Blynk application alert to utility team

Fig. 12
figure 12

Loss versus iterations

Table 3 Comparison of state-of-the-art-models

The test input and output images of the insulators are presented in Fig. 10 to demonstrate the efficacy of the proposed design. As shown in Figure, the test output images show that the proposed system is capable of identifying the insulator with the bounding box and the class also marked at the top of the rectangular box. The current work has classified the insulator class with 95.6% accuracy. While testing bad insulator, the IoT part has alerted the Utility centre through Android application successfully as shown in Fig. 11. Further our model calculates sensitivity and specificity. Sensitivity shows the number of true classes, whereas specificity shows false classes. The metrics are determined as shown in the following equations.

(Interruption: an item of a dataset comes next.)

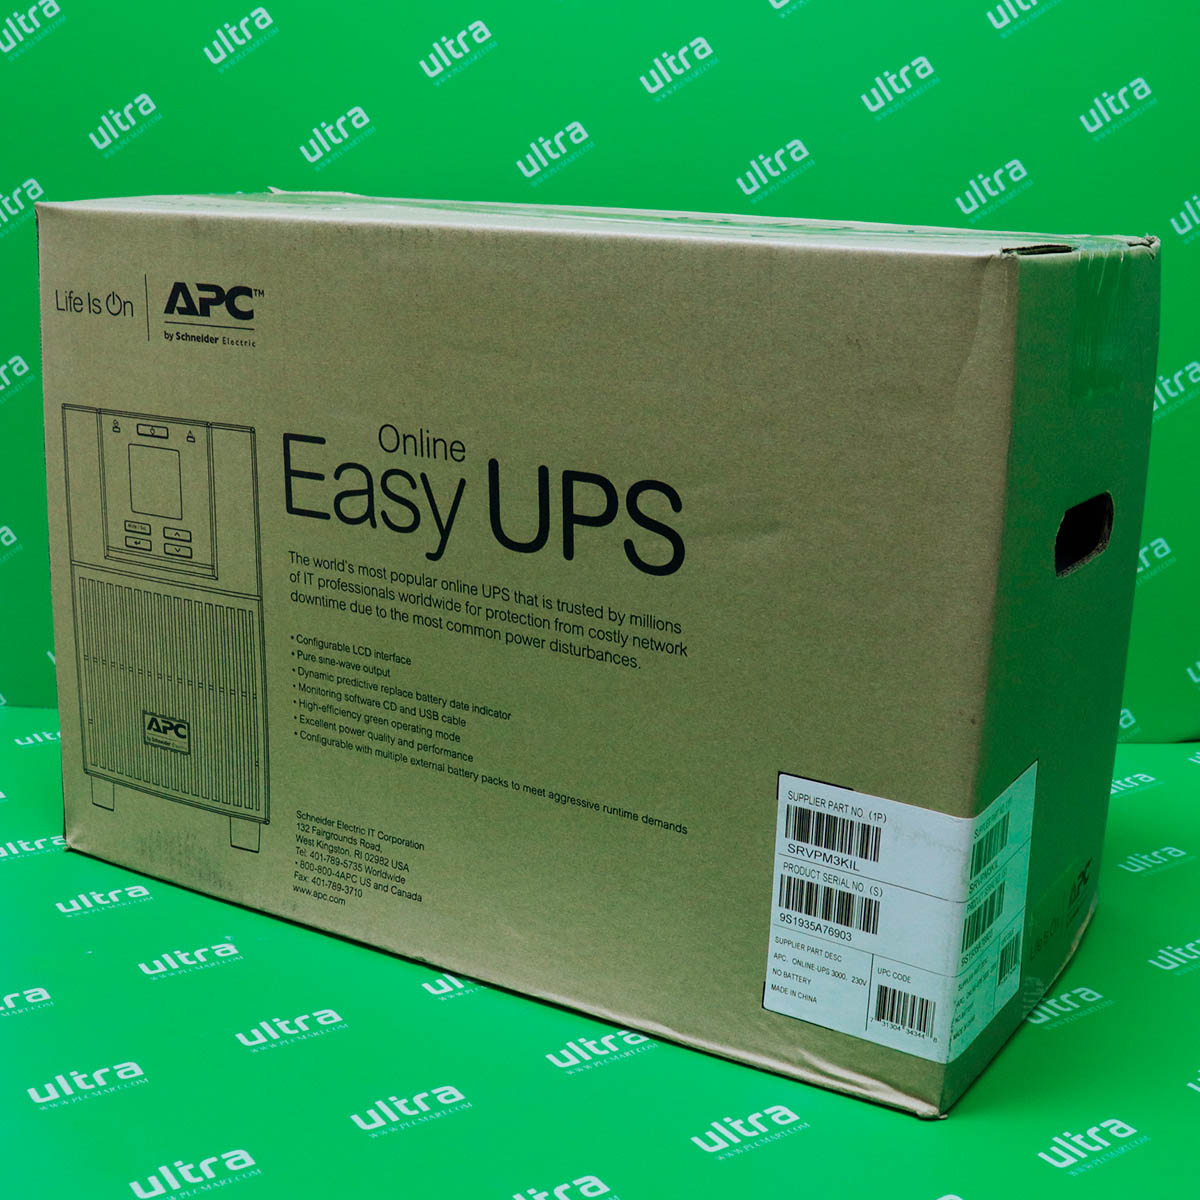 [신품] SRVPM3KIL APC Easy UPS On-Line Ext. Runtime SRV 3000VA 230V (통상납기 : 2주)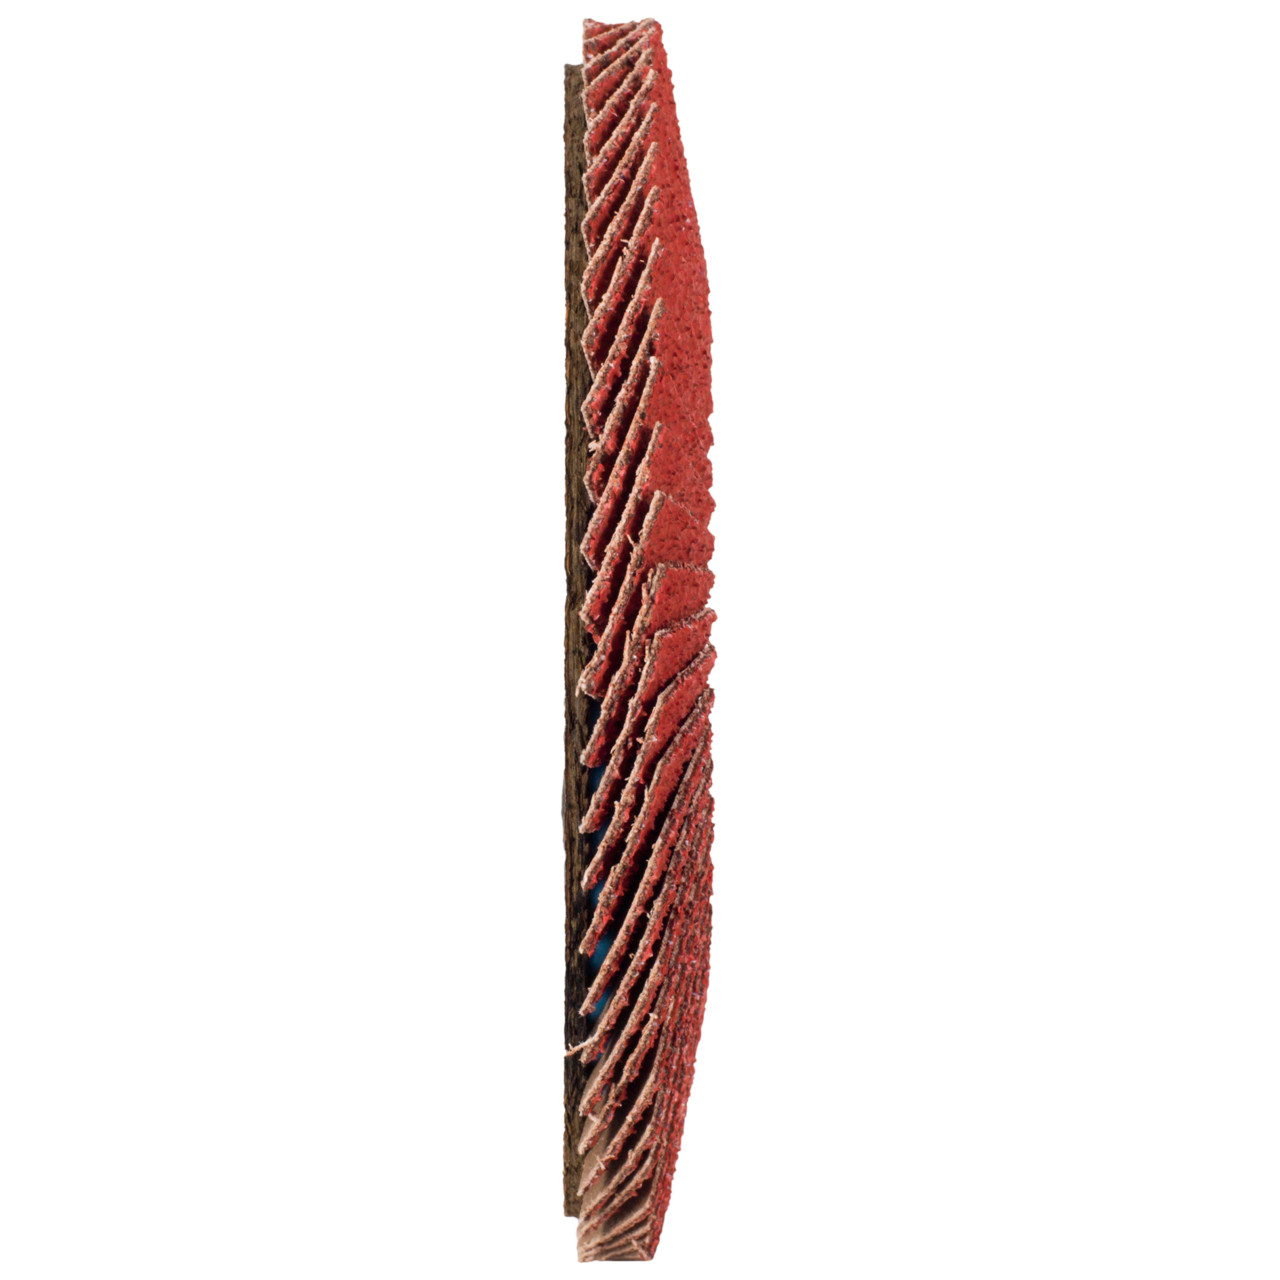 Tyrolit Gekartelde borgring DxH 125x22,23 CERABOND gekartelde borgring voor roestvrij staal, P80, vorm: 28A - rechte versie (glasvezeldragerhuisversie), Art. 34166177

$$\begin{aligned} \mathrm{Sensitivity}= & {} \frac{\text {True Positive}}{\mathrm{True \,Positive}+\text {False Negative}} \end{aligned}$$
(12)
$$\begin{aligned} \mathrm{Specificity}= & {} \frac{\text {True Negative}}{\mathrm{True \,Negative}+\text {False Positive}} \end{aligned}$$
(13)
$$\begin{aligned} \mathrm{map}= & {} \frac{1}{N} \sum _{i=1}^{N} {\text {Average Precision}}_i \end{aligned}$$
(14)

The sensitivity and specificity of the proposed frameworks are shown in Table 3. In order to estimate the detection results, the authors measured the mean average precision (mAP) which is one of the common metrics used to calculate the accuracy of target detectors such as Fast R-CNN and YOLOv3. The mAP of two suggested models is also plotted in Table 3. The loss function has also been used to explain the discrepancy between the expected value and the real value of the network used to test the effectiveness of the forecasting model. Figure 12 demonstrates the loss function versus iterations for the suggested model indication map of 100%.

5 Conclusion

In this article, a deep structured learning model for data interpretation has been employed to monitor the health of the ceramic insulators. A vision-based arrangement was carried out to screen the health of the ceramic insulators that used camera pictures as a source of data. We have trained a YOLOv3 model to recognise and classify every image patch in the obtained images. During the training process, 1000 insulator images of size \(256 \times 256\) were used. We obtained the results with 95.6% accuracy. The results show that the approach of deep learning model in the detection and classification of high voltage insulators was good. If any test image is applied at inspection unit, a warning message is sent to the utility centre through the Blynk server for every bad class of insulator. Further, the suggested model can be implemented with unmanned aerial vehicles (UAV) instead of cameras as an image source. The authors want to use generative adversarial networks to produce synthetic pictures in the future study. As a result, accuracy can be enhanced further.